Modern (MRNA) and BioNTech (BNTX) have lost over 43% each in 1H 2022 to dominate the underperformers among large-cap biotech companies. When mid-cap stocks are also added to the group, Novavax (NVAX) tops the list with a drop of over 64%.

Meanwhile, Pfizer (PFE), partner of BioNTech (BNTX), to develop the first COVID vaccine to win approval from U.S. regulators, fell more than 12% to become the second-worst performer among the health care mega-cuts.

However, few near-term catalysts remain for bargain hunters looking for a recovery.

Resurgence of COVID

The injection makers’ year-to-date selloff reflects concerns about the outlook for their vaccine-led growth as COVID cases decline along with the size of their target market, those who remain unvaccinated.

According to Our World in Data (OWID) project in Oxford University, about 61% of the world’s population is fully vaccinated, up from just 8% a year ago.

Although global cases of COVID are declining, complete eradication of the coronavirus is unlikely as the virus evolves, potentially evading vaccine-mediated immunity.

With a significant portion of the world’s population remaining unvaccinated, an increase in COVID cases could reignite demand, especially for new and differentiated vaccines from the likes of Novavax (NVAX) and Wavy (VALN).

In a statement this week, FDA vaccine chief Dr. Peter Marks highlighted the waning effectiveness of primary vaccine doses and initial boosters against new variants of COVID such as Omicron.

“As we enter fall and winter, it is critical that we have safe and effective vaccine boosters that can provide protection against circulating and emerging variants to prevent the worst consequences of COVID-19,” Dr. Marks writes.

Reworked boosters

After US health officials authorized vaccines for the last remaining age group in June, the need for reformulated vaccines set the stage for the next catalyst.

This week, the FDA advised vaccine manufacturers to update their booster vaccines for BA.4 and BA.5, the newest and fastest-growing subvariants of Omicron, ahead of a booster program planned for fall 2022.

Pfizer (PFE)/BioNTech (BNTX) and Moderna (MRNA) have already disclosed their clinical data for Omicron-adapted boosters, albeit with slightly lower efficacy for BA.4 and BA.5. Novavax (NVAX) shares added more than 10% on Friday after the company announced plans to introduce Omicron-containing captured in 4Q 2022

As these booster candidates progress through the regulatory path for the fall booster campaign, how well their failed developers could regain lost momentum will be in focus in the second half of 2022.

Mergers and acquisitions

With cash levels at a peak thanks to COVID-induced earnings, some of the vaccine makers are in an advantageous position to add active acquisitions to restore their slowing growth.

Amid difficulties raising equity capital, large-cap companies could be looking for smaller targets as biotechs run out of options after the recent selloff, Wells Fargo said in a recent research note.

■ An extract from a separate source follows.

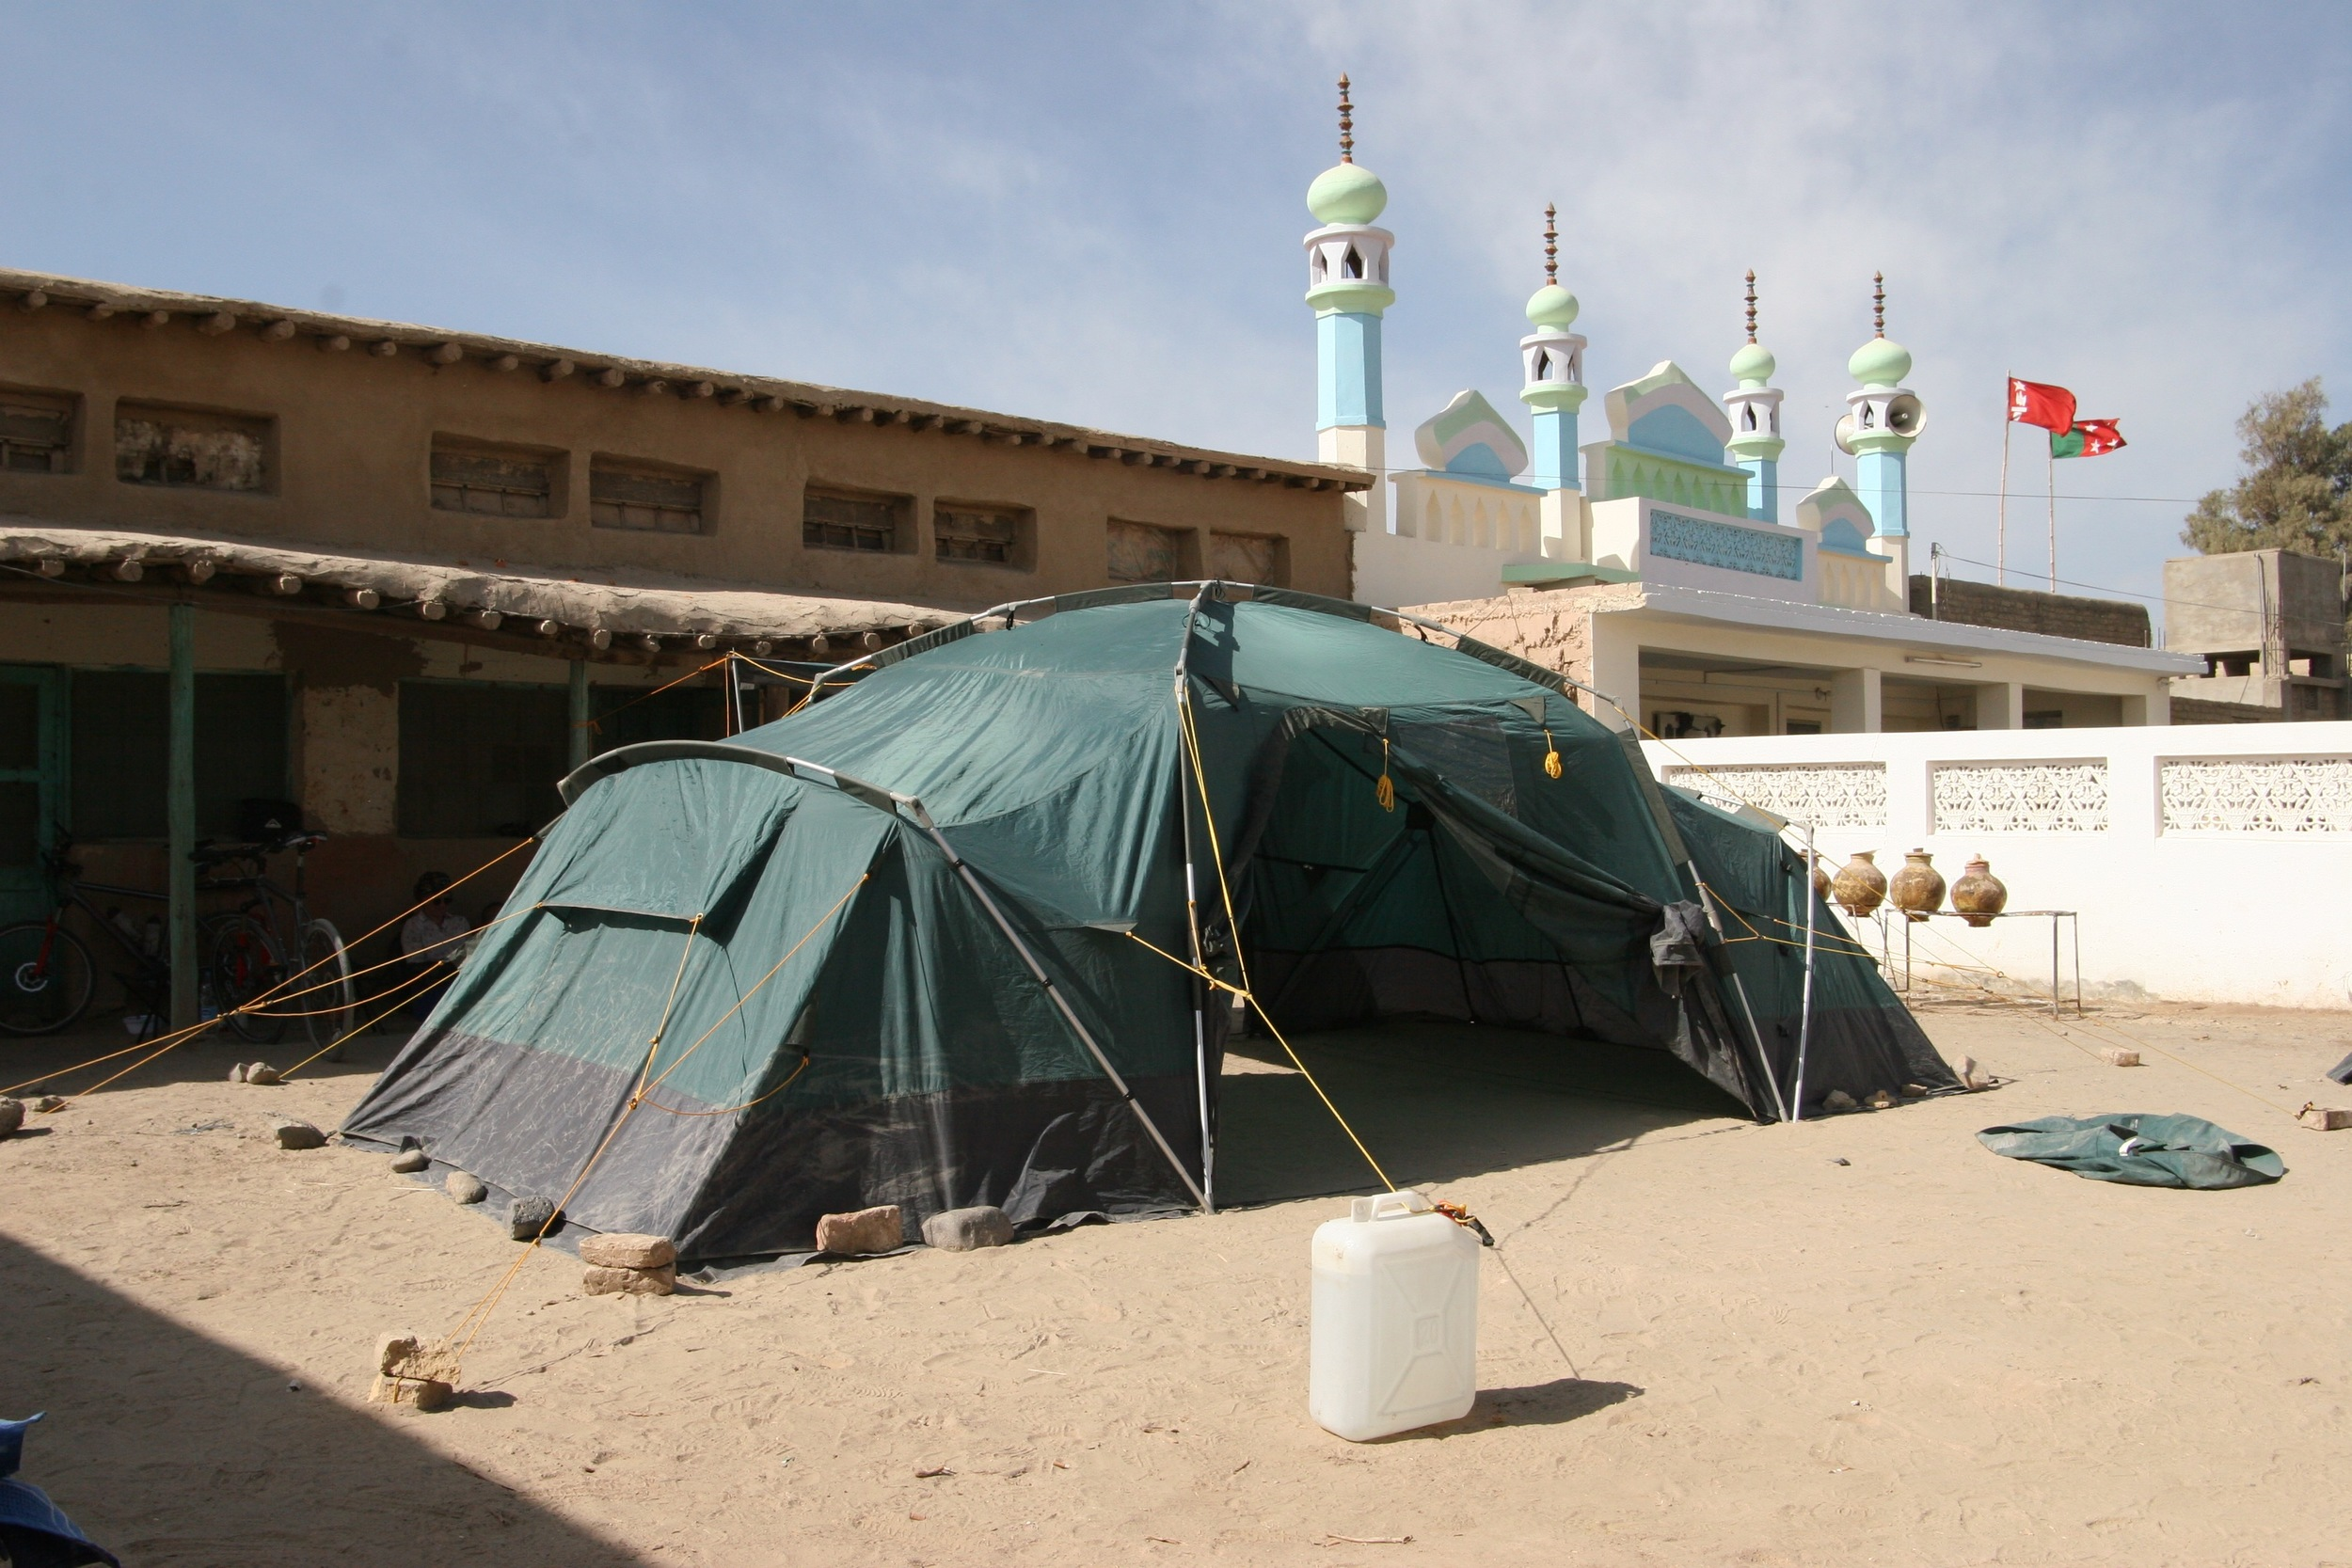 The campsite in Dalbandin customs house

The firm also sees headwinds from rising interest rates amid a a parallel decline in transaction premiums.

Pfizer (PFE), a company with a strong manufacturing need, according to Wells Fargo, has already announced two multibillion-dollar acquisitions this year, including a deal to acquire migraine therapy maker Biohaven Pharmaceutical (BHVN) for more than $11 billion.

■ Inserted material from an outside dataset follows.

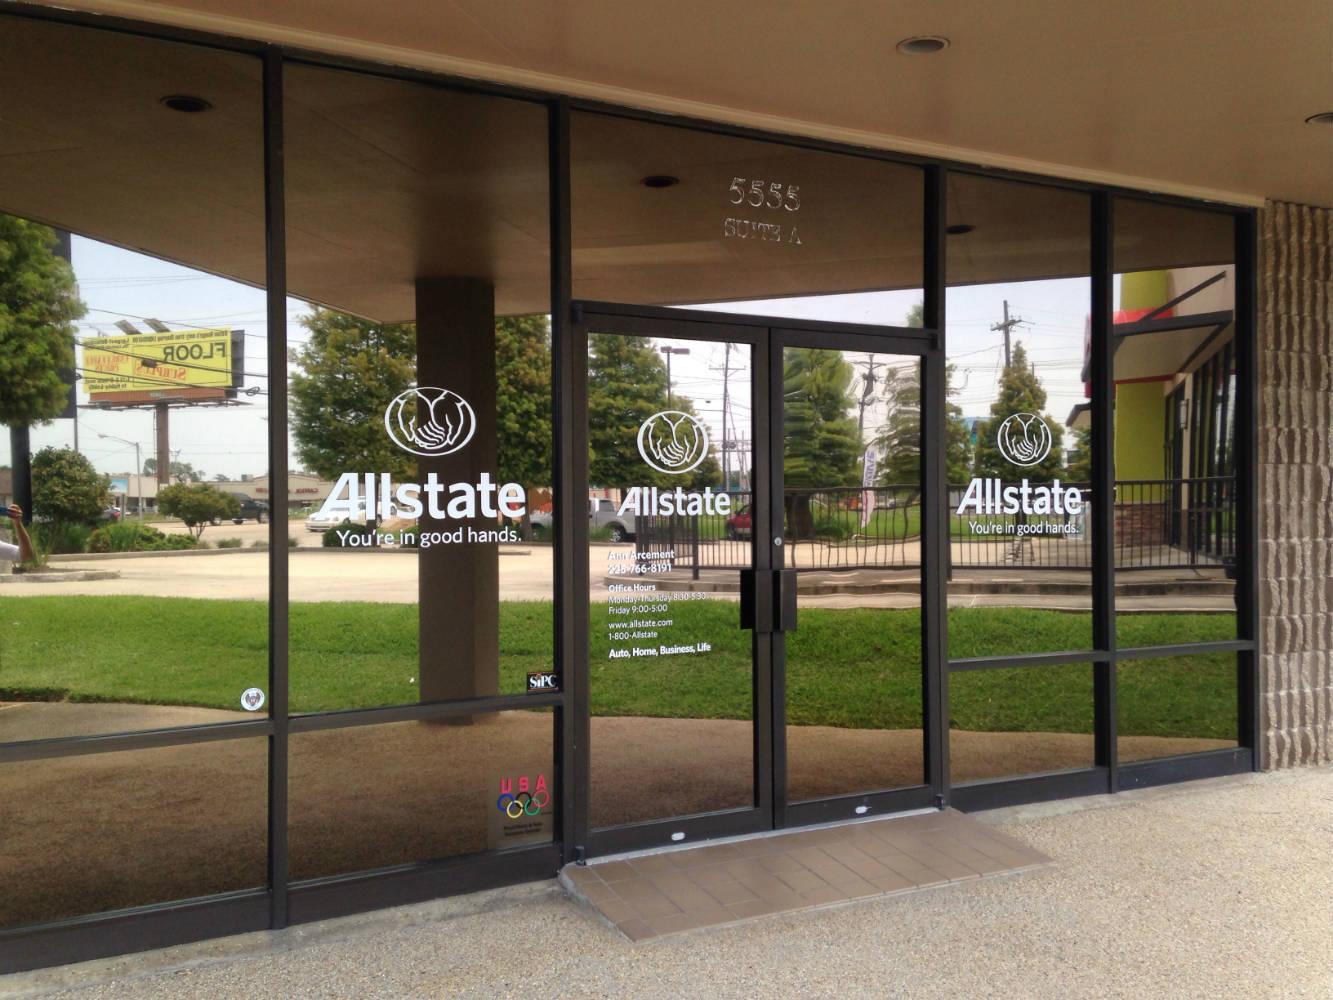 Ann Arcement: Allstate Insurance image 2

However, on a forward non-GAAP earnings basis, Pfizer (PFE) trades at ~7.7x, representing a ~38.6% discount to its 5-year average, while Moderna (MRNA) has fallen to a cheaper ~5.4x multiple on the same basis despite growth prospects.

With catalysts intact for COVID vaccine makers, opportunities abound for risk-takers to continue betting on a recovery in the second half of the year despite the 1H selloff, as can be seen in this graph.